I am having trouble verifying the following (this is self-study):
There is an isomorphism between the center of a ring $A$ and the ring of endomorphisms of the identity functor of the category of (right) $A$-modules.
The map $\Psi\ \colon Z(A) \to \mathrm{End}(1_{Mod\ A})$ sends $a \in Z(A)$ to multiplication by $a$ (let's write $\Psi(a) = \theta^{a}$). This poses no trouble.
It seems reasonable to define the inverse map $\Xi\ \colon \mathrm{End}(1_{Mod\ A}) \to Z(A)$ as sending $ \eta \in \mathrm{End}(1_{Mod\ A})$ to $\eta_A(1)$, since from this we readily get $\Xi \circ \Psi (a) = \Xi(\theta^a)=\theta^{a}_{A}(1)=1a=a$.
However I can't see why $\Psi \circ \Xi = 1_{\mathrm{End}(1_{Mod\ A})}$. Unfolding, we have to prove that $\Psi \circ \Xi (\eta) = \theta^{\eta_A(1)} = \eta$, that is, for any right $A$-module $L$, we need to have $\theta^{\eta_A(1)}_L = \eta_L$. I'm at a loss on this. I tried to find the right components on which to use naturality (that's how I succeeded to prove that $\eta_A(1)$ does lie in $Z(A)$, which wasn't obvious to me from the outset), but to no avail.

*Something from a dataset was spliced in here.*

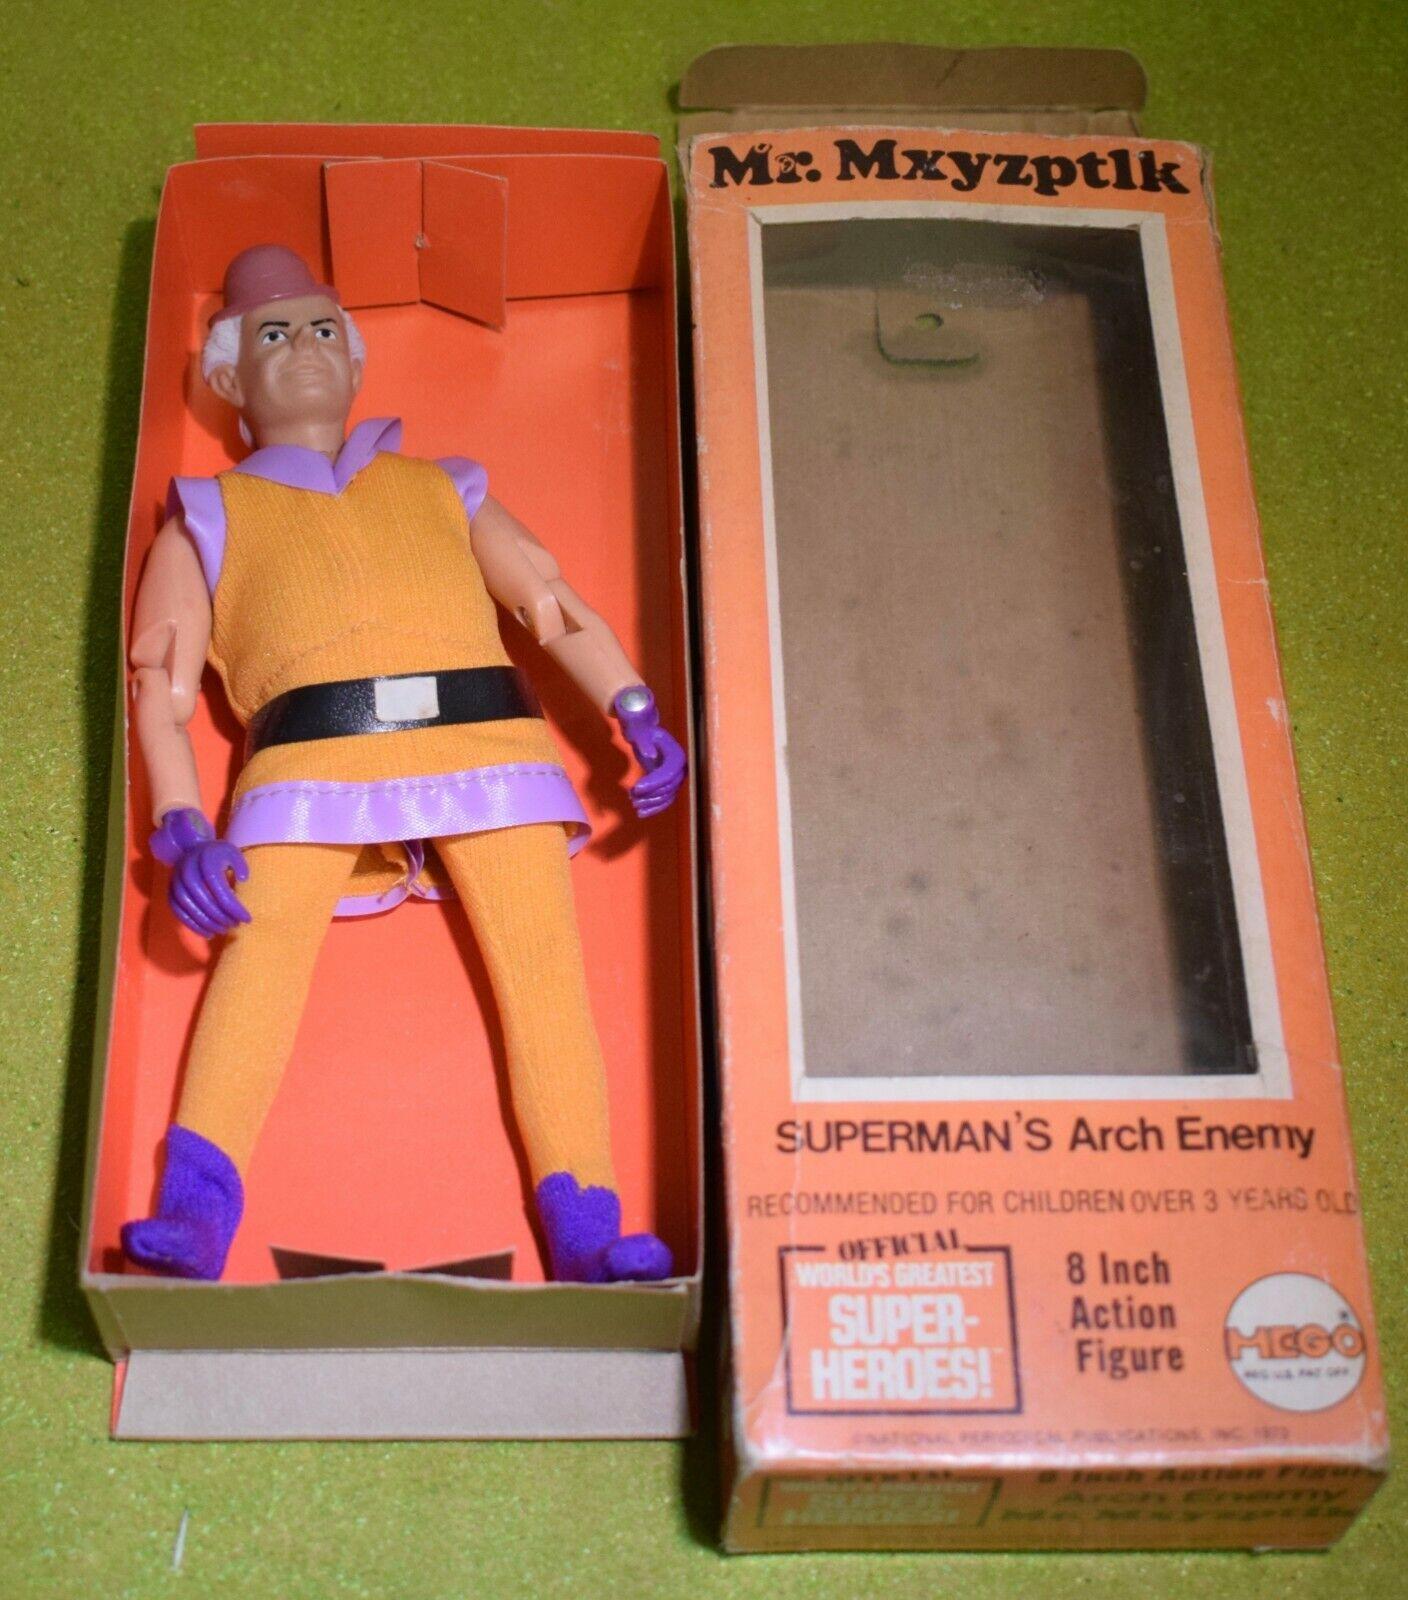 MEGO SUPER-HEROES MR MXYZPTLK SUPERMANS ARCH ENEMY 8 INCH FIGURE AS PICTURED

Some googling led me to this blog post by Q. Yuan (see the "sub-example") where the direction of the map $\Xi$ is deduced from the fact that $A$ is a generator of $\mathrm{Mod}\ A$. However I can't quite see explicitly why (in the perspective adopted there, I believe this is just rephrasing the issue I'm having) the lifting of a central element to an endomorphism of $1_{\mathrm{Mod}\ A}$ is inverse to the composition of the two isomorphisms with the natural injection $\mathrm{End}(1_{\mathrm{Mod}\ A}) \to Z(\mathrm{End}_A(A))$.